Abstract
A novel engineered CCL20 locked dimer (CCL20LD) is nearly identical to the naturally occurring chemokine CCL20 but blocks CCR6-mediated chemotaxis and offers a new approach to treat the diseases of psoriasis and psoriatic arthritis. Methods for quantifying CCL20LD serum levels are needed to assess pharmacokinetics parameters and evaluate drug delivery, metabolism, and toxicity. Existing ELISA kits fail to discriminate between CCL20LD and the natural chemokine, CCL20WT (the wild type monomer). Herein, we tested several available CCL20 monoclonal antibodies to be able to identify one clone that can be used both as a capture and a detection antibody (with biotin-labeling) to specifically detect CCL20LD with high specificity. After validation using recombinant proteins, the CCL20LD-selective ELISA was used to analyze blood samples from CCL20LD treated mice, demonstrating the utility of this novel assay for preclinical development of a biopharmaceutical lead compound for psoriatic disease.
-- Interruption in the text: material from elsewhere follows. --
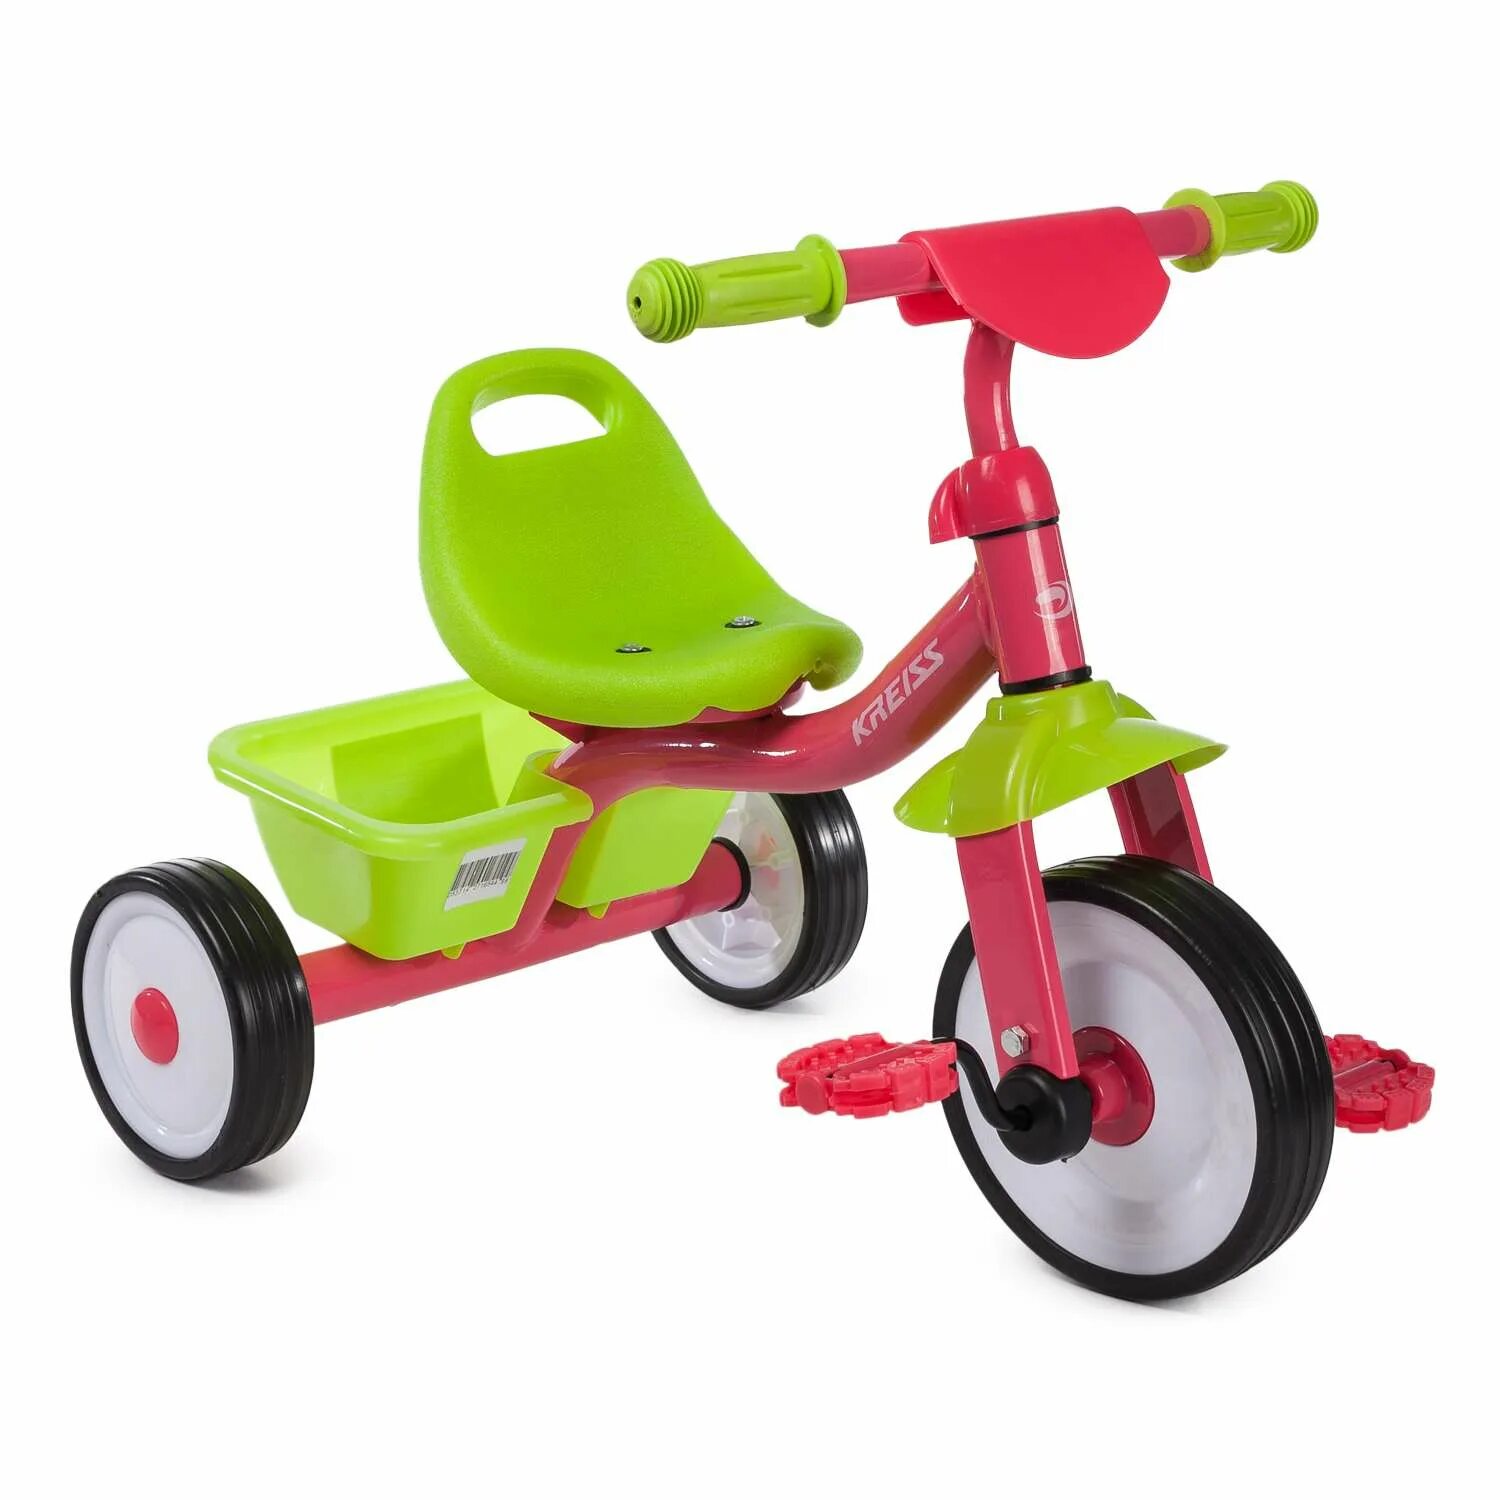 Велосипед Крейс трехколесный. Kreiss велосипед трехколесный. Велосипед Kreiss розово-зеленый. Трехколесный велосипед Kreiss зеленый. Kreiss велосипед трехколесный с ручкой

Keywords: ELISA, Psoriasis, Cytokine, Locked dimer
1. Introduction
Together with its receptor CCR6, the chemokine CCL20 plays a critical role in the development of psoriasiform dermatitis in mouse models (Cochez et al., 2017; Furue et al., 2020; Onuora, 2021). We previously screened a panel of CCL20 variants engineered to form dimers stabilized by intermolecular disulfide bonds. A single-atom substitution yielded a CCL20 variant (CCL20 S64C), later designated CCL20 locked dimer (CCL20LD), that could act as a partial, biased agonist for the chemokine receptor CCR6. Binding of CCL20LD to CCR6 resulted in G-protein receptor activation, evidenced by induction of intracellular calcium release, while exhibiting minimal chemotactic activity. Instead, CCL20LD was able to inhibit CCR6-mediated T cell trafficking with nominal impacts on other chemokine receptor signaling cascades (Getschman et al., 2017).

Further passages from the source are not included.